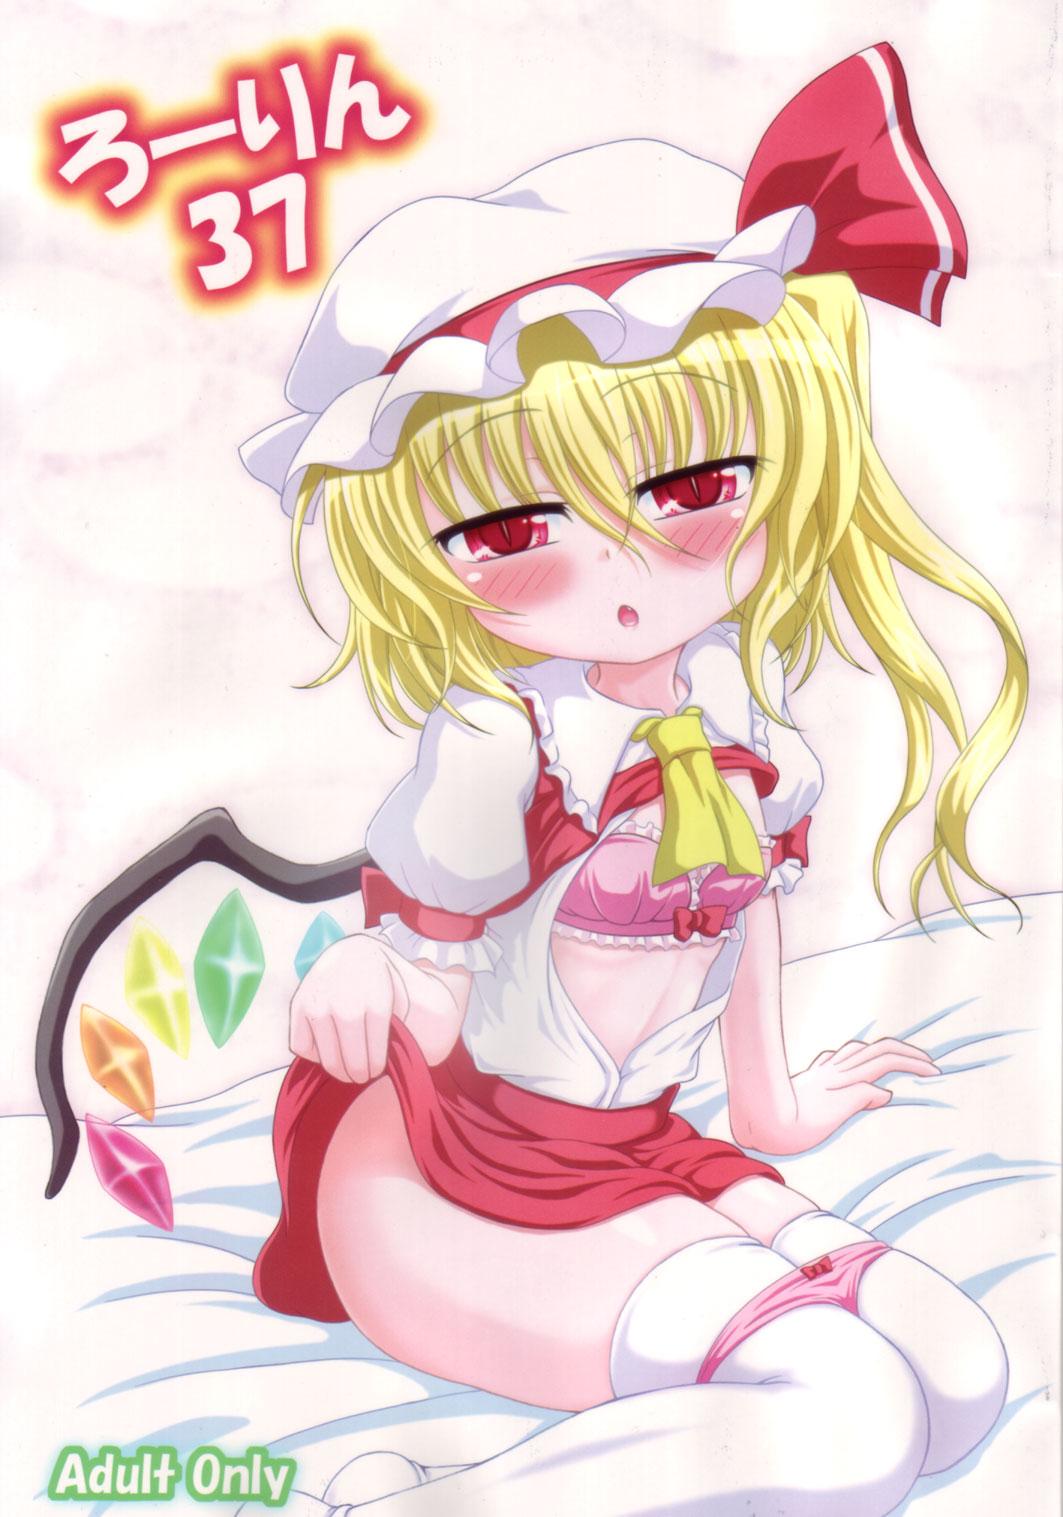 English Rollin 37 - Touhou project Lover - Picture 1
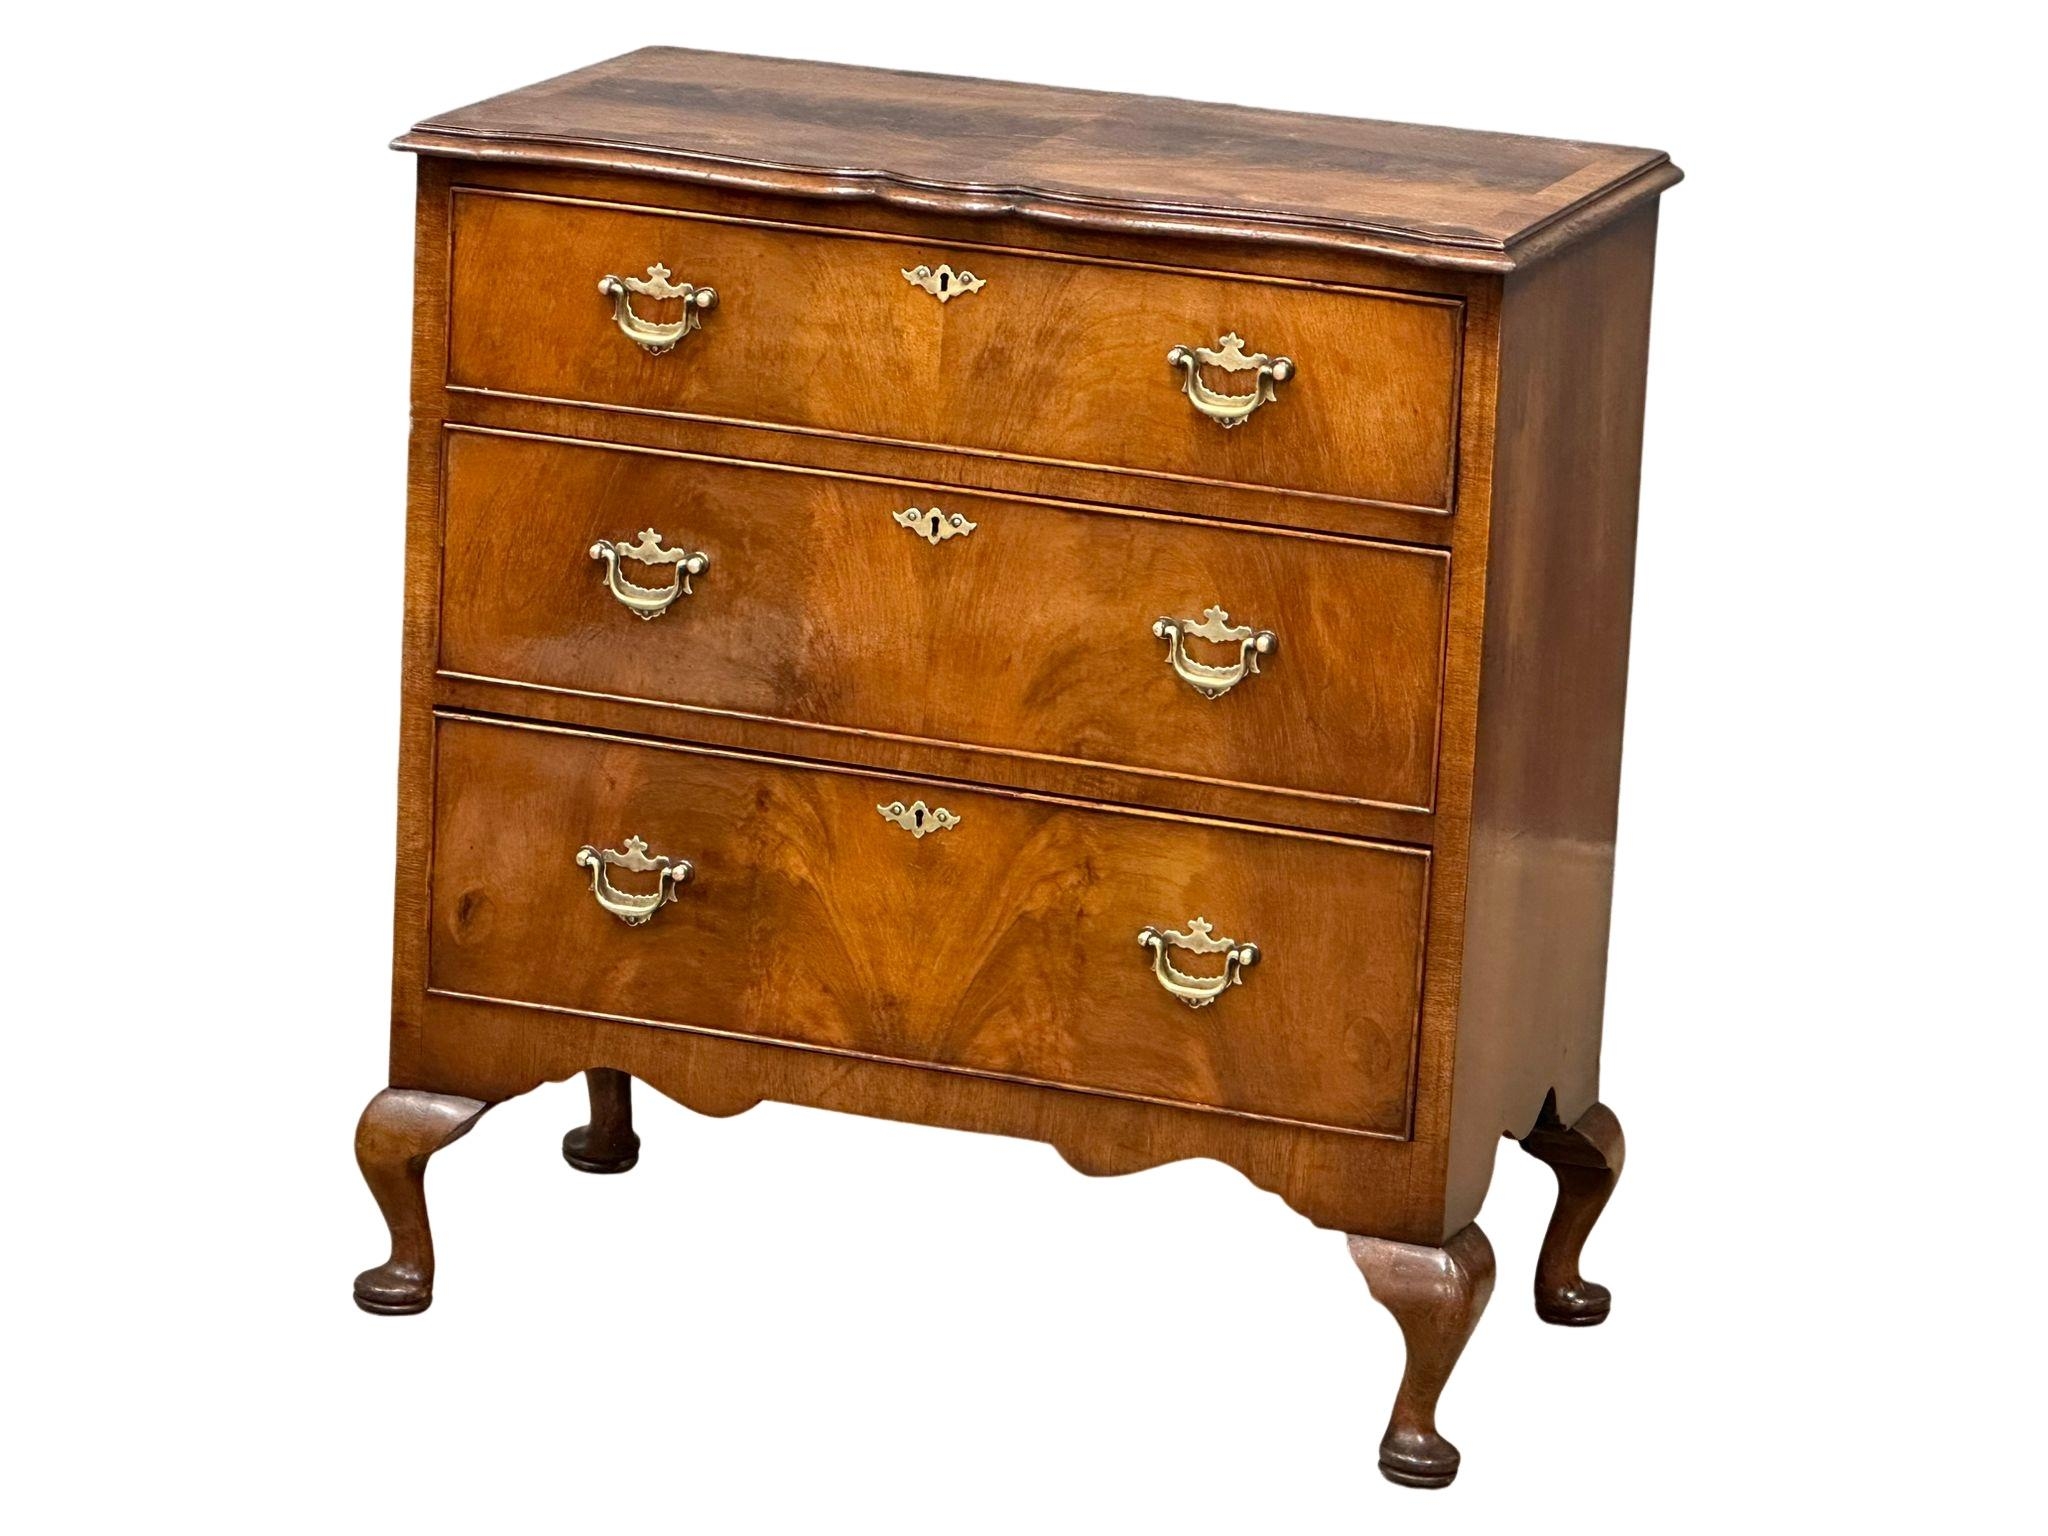 An Early 20th Century George I style walnut chest of drawers. 1930. 84x46x90cm - Image 5 of 5
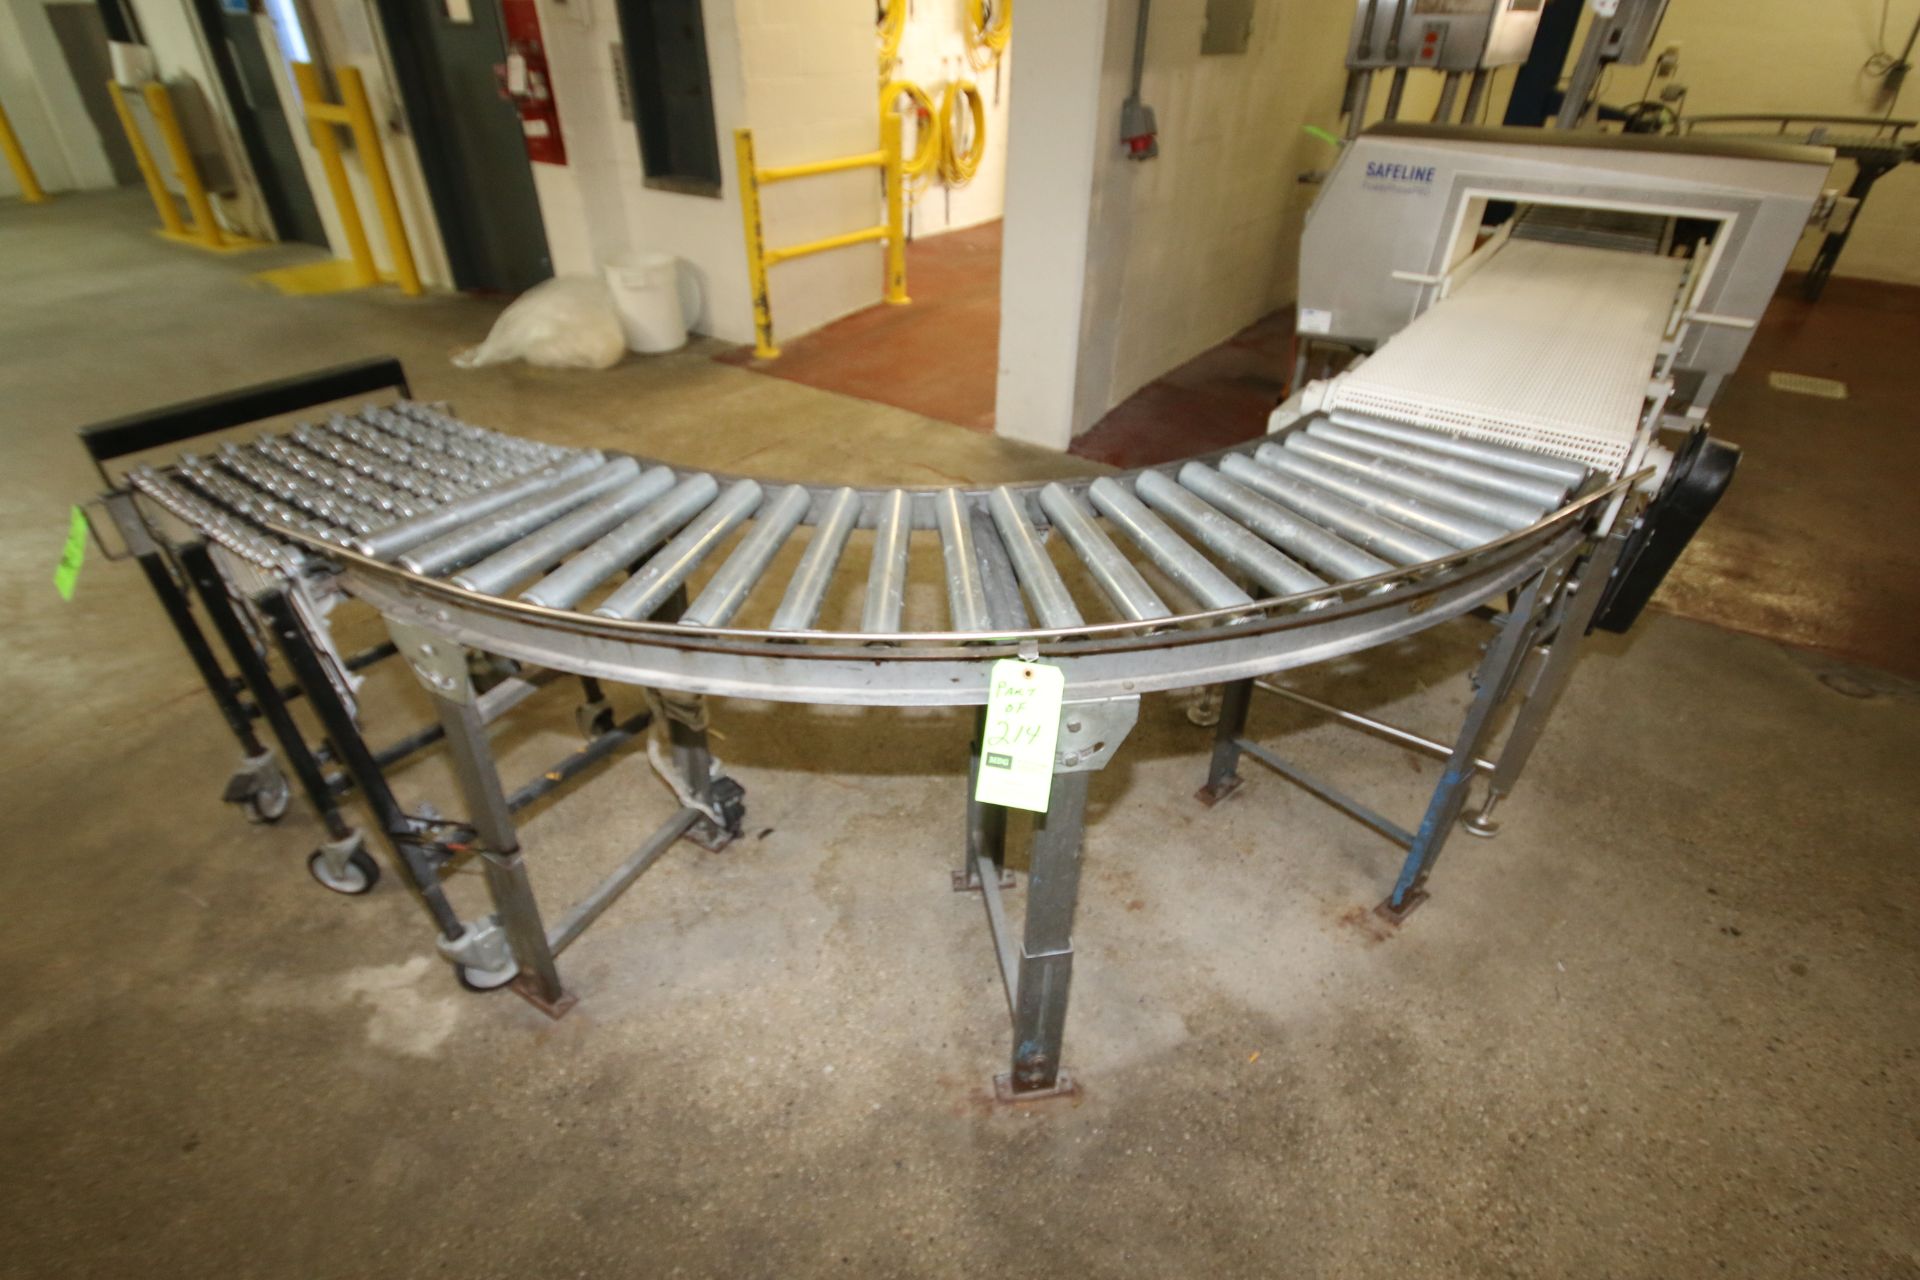 (6) Pc. - Skate Conveyor Sections - 10" W to 16" W  including Straight Sections, Bends and Stand (40 - Image 2 of 4

•••

» **ASSIGNMENT**
With the pictures set aside, return each line of the listing exactly as given.

» **REPLY TO THE EXERCISE**
 English Rollin 37 - Touhou project Lover - Picture 1
 An Early 20th Century George I style walnut chest of drawers. 1930. 84x46x90cm - Image 5 of 5
 (6) Pc. - Skate Conveyor Sections - 10" W to 16" W  including Straight Sections, Bends and Stand (40 - Image 2 of 4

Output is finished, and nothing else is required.